Next month, Highway 260 speeders in Star Valley will find themselves sensored, photoed, queried, ticketed and summoned -- and then likely dinged for at least $185.
It's all part of Star Valley's get-tough response to resident complaints about the speed at which an average of 10,000 cars per day zip through town -- mostly out-of-towners heading for the high country.
Star Valley pushed for the photo enforcement zone on the state highway after the Arizona Department of Transportation refused to drop the speed limit to 35 miles an hour through town, said Town Manager Vito Tedeschi.
"We had a lot of citizen complaints about speed -- lots of accidents and near misses. The town requested a reduction in the speed limit, so this was kind of a last resort," said Tedeschi.
Projections suggest the new system that combines sensors in the pavement with photos showing the driver's face and license plate will generate about 2,000 speeding tickets per year. And that should both reduce accidents and significantly slow traffic passing through town, said Richard Baranzini, the town's consultant on the project.
Outside of the Phoenix metro area, only Star Valley and Prescott Valley have successfully pushed for photo enforcement as a tactic to slow down highway traffic, said Baranzini. The cameras won't monitor an intersection, but general speed.
"It's a very proactive move, for a brand-new community to look to technology to help them with a traffic safety problem," said Baranzini. Many communities living with heavy traffic on highways in the heart of town will be watching the results in Star Valley closely, he said.
"There's a real story here -- photo enforcement is for small communities too," said Baranzini, a police officer for 35 years who played a leading role in setting up Scottsdale's photo enforcement system.
Star Valley had to provide accident and traffic data to convince ADOT to approve the system. One 3.5 hour study recorded between 10 and 20 people an hour exceeding the 11 mile per hour cushion -- which means they were going at least 56 miles an hour in the stretch posted at 45 mph. That means if the sensors and cameras had been hooked up, they would have generated up to 6 tickets per hour. However, studies show that setting up the cameras and sending out the tickets results in a quick drop in average speeds.
As a result, the town estimates the system will generate just 2,000 tickets annually, on a stretch highway that carries 10,000 cars every day.
Even so, the $400,000 in fines sounds like a windfall -- except Star Valley figures the photo enforcement will be a break-even proposition for the town.
The state gets two-thirds of the fine. In addition, the town has contracted with Redflex to administer the system, which also paid all the installation costs. That private company gets $35 for each ticket.
Now town officials hope the system will slow hurtling out-of-towners without snaring too many locals.
Fortunately, an alert driver can easily avoid a ticket by watching the signs.
The system relies on a redundant system that detects passing cars by both weight and magnetic field. The computerized system records when each axle goes over sensors buried in the pavement, then automatically calculates the speed.
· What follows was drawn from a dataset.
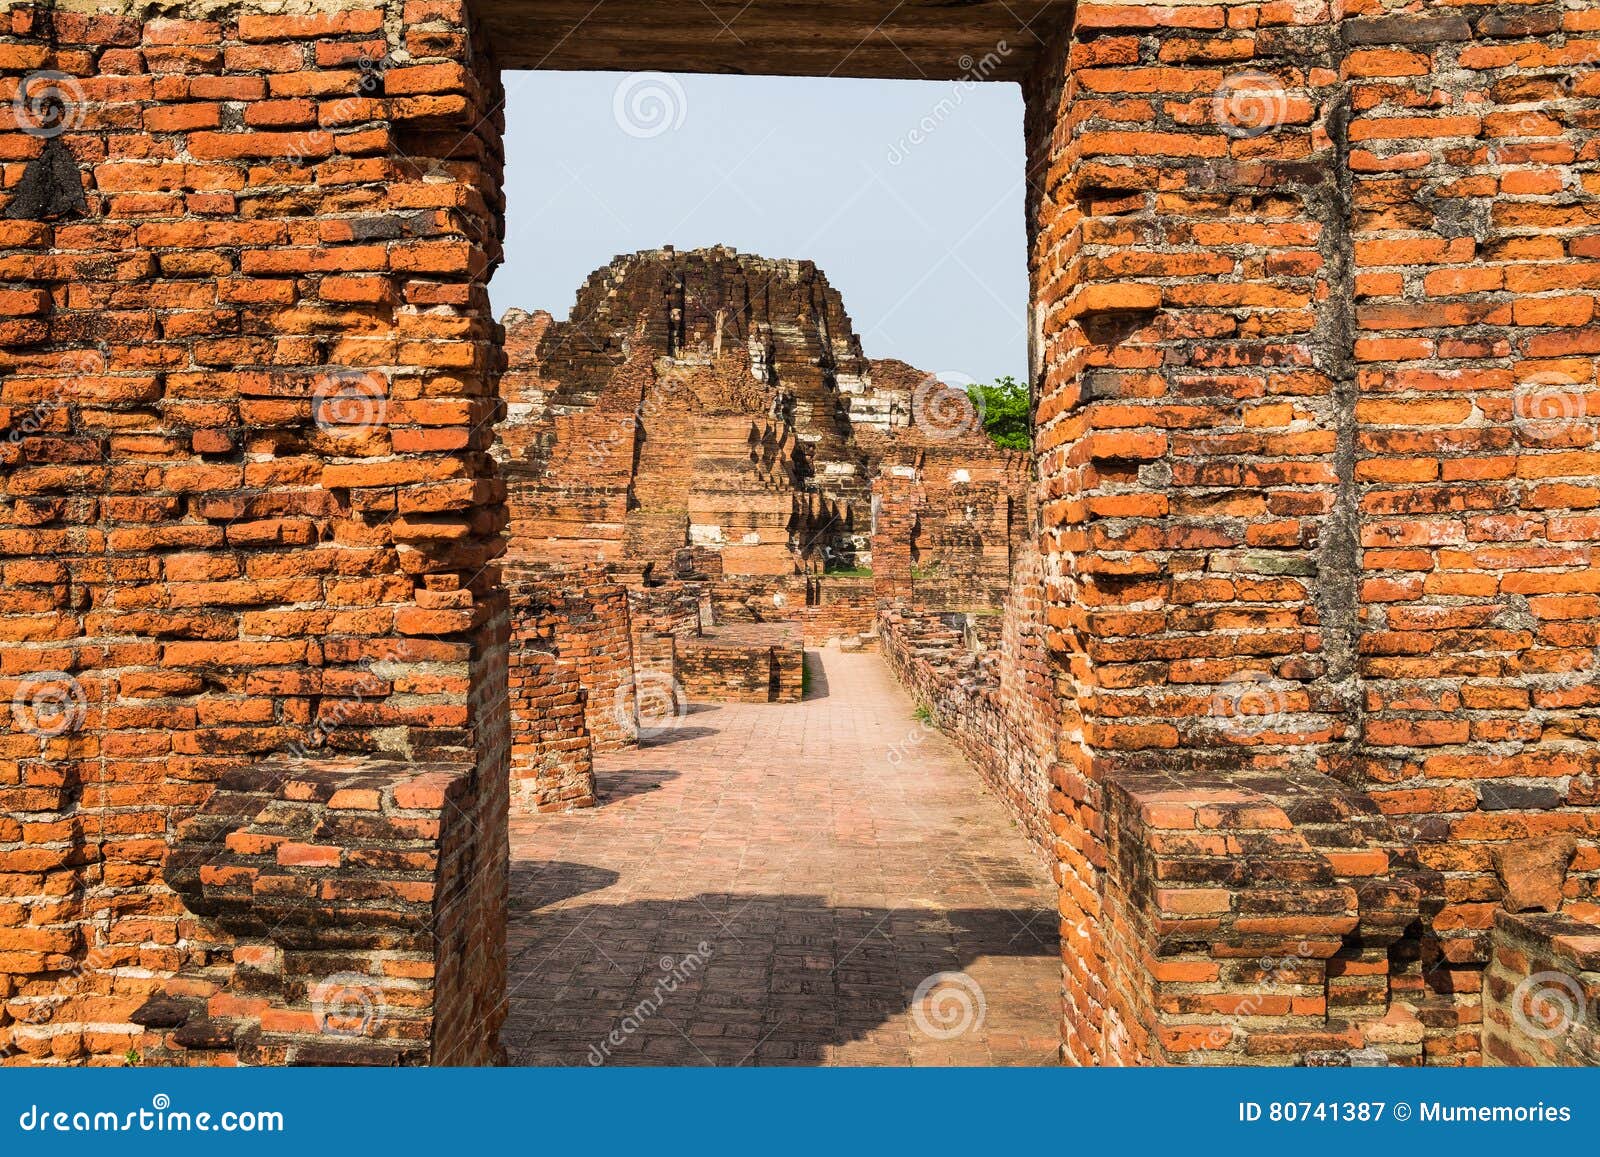 temple brick pagoda ancient ruins invaluable

The street sensors and photos showing both the license plate and driver's face feed into a computer, which stores the data at the same time it transmits it to a state and national computer network that pulls up registration information on the vehicle.
That combination of photo, speed measurements and registration information then goes to Redflex, where someone checks to make sure the photos show the face and license clearly. Redflex then sends potential tickets to a newly hired ticket enforcement person at the Town. This double check process eliminates about 10 percent of the tickets for various reasons, said Tedeschi.
"You can generally see both the plate a recognizable face of the driver, unless you were wearing a Hillary Clinton mask or something," said Tedeschi.
Drivers will then receive a ticket in the mail.
When the first highway based automatic photo enforcement system was introduced in Scottsdale, drivers found they could simply ignore the ticket. Some judges ruled that since the driver hadn't signed a ticket issued by an officer, the court couldn't be certain they'd received the summons and therefore couldn't enforce the ticket.
However, cities have since solved that problem by adding to the system doorbell ringing summons servers. So now if a driver ignores the ticket in the mail, someone will come to the door with a summons -- with the $32 cost added to the fine.
Fortunately, drivers should have ample opportunity to slow down and avoid that expensive process.
Both ends of town already have 45 mph speed limit signs. The law requires the sensors to be no closer than two tenths of a mile from the first sign showing a reduced speed limit. Shortly after passing that sign, drivers will encounter the first of two, bright-yellow, diamond-shaped photo enforcement signs. The first sensors are buried in the pavement about 300 feet past the second sign.
So drivers have to ignore the 45 mph sign and two photo enforcement signs before they can trigger the speed sensors. Moreover, the computer will probably not issue a ticket for a car that's putting on the brakes as it passes over the sensor array.
The experience in Scottsdale and Prescott Valley suggest that putting in such systems results in a huge initial rise in citations, which then drop sharply when drivers get used to the idea that they can't slip past the sensors.
In the meantime, town officials say their ability to respond to citizen complaints by pushing through the photo enforcement system is an example of the whole reason the town incorporated two years ago.
"Any time you incorporate," said Tedeschi, "you have a better opportunity to have something done that is unique to your area, as opposed to having to live with state and county standards."